# How to remove a faux fireplace from a plaster lath wall



## Just Bill (Dec 21, 2008)

Probably nailed. I would start at the top board with a few whacks up with a hammers. Something should move. Then the columns. Wonder bars work wonders...... Can't really see how the mirror is held, usually with trim or molding.


----------



## Fix'n it (Mar 12, 2012)

that has value, to someone. and it probably isn't much. i would just bust it out. perhaps trying to save a few of the pieces for other uses. and watch out for the wires.


----------



## Ravenworks (Oct 31, 2010)

How do you plan on fixing the wall so it matches?
What about the trim and the floor under this?
You better think about this before you get into it.


----------



## user1007 (Sep 23, 2009)

Tape the mirror so you don't get cut or have glass shards all over if it gives on you. The whole thing looks like it was made from trim and molding pieces so as mentioned, use a nice flat bar and I am guessing you can just pull it apart. 

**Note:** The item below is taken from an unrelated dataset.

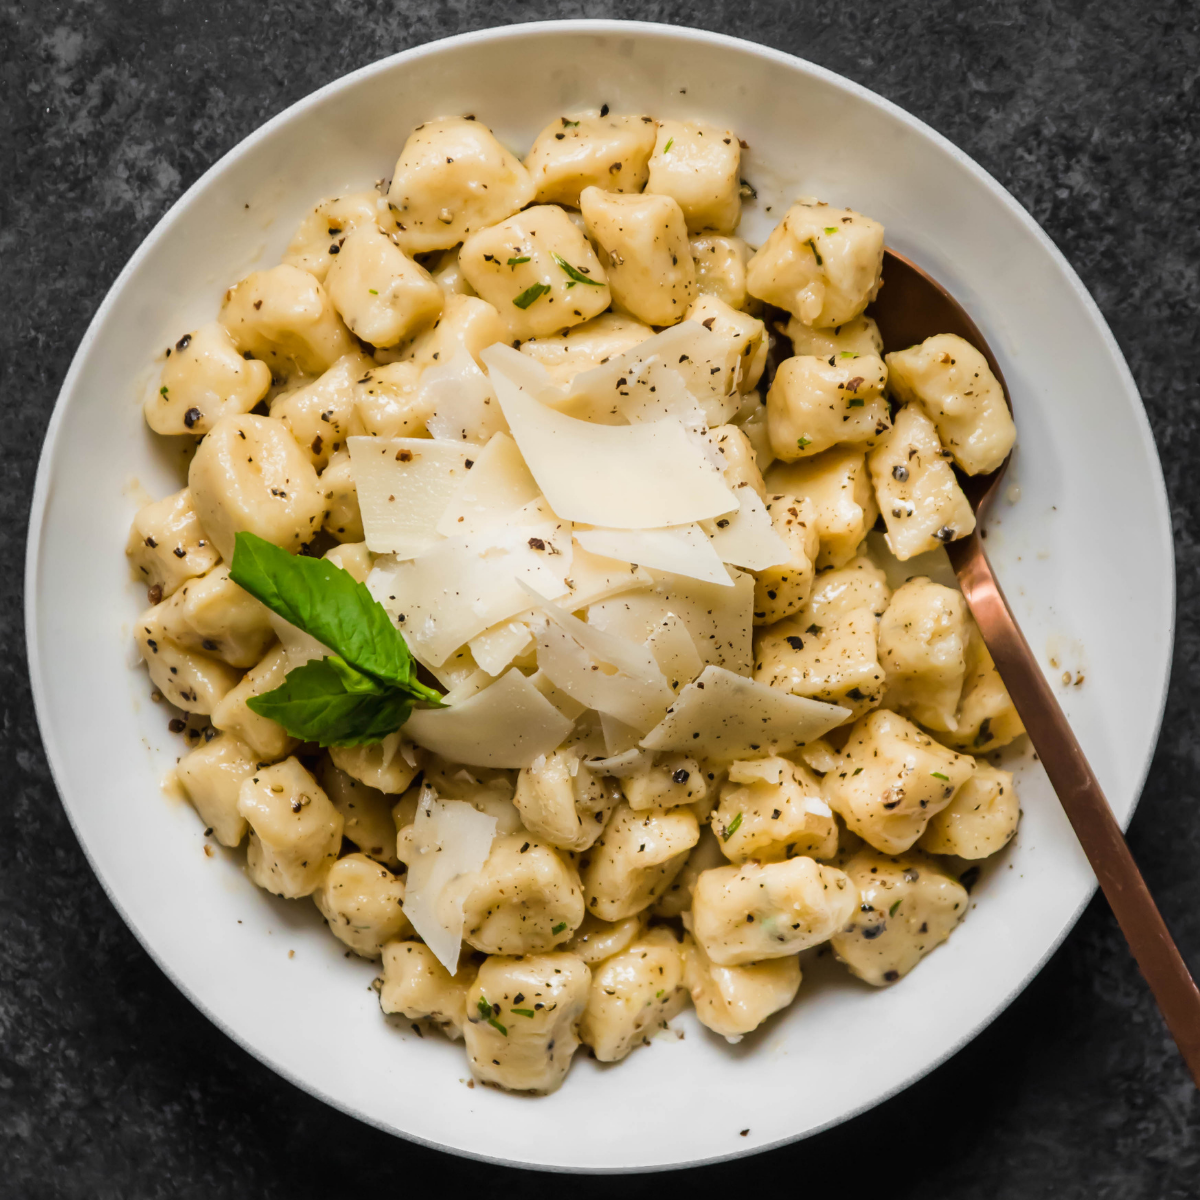 Gnocchi with shaved parmesan in a shallow white bowl on a dark table.

You have a decent picture so if you disassemble and mark all the pieces you could try listing it on Craig's List for a few schillings. I wouldn't get my hopes up though.


----------



## GarfE (Apr 9, 2012)

I hope it's a relatively easy piece to pry off the wall. I don't think it's made of trim work. The house was built around 1890-1900. It's a real solid piece of work. I'm hoping I can just pull it off with little harm to the plaster. 

The difficult thing is that it is placed on a corner that was built out between two walls. Where there should be a 90deg corner where the wall with the pocket doors intersect with the interior wall of the room, there is this wall with the fireplace mantle.... Taking up most of the wall. There's only about 3-5 inches from the mantle to either side of the two walls. Not much space for work with tools.

Will using a pry bar destroy the walls? I've never worked with plaster walls. Previously I've only worked with drywall in my previous house


----------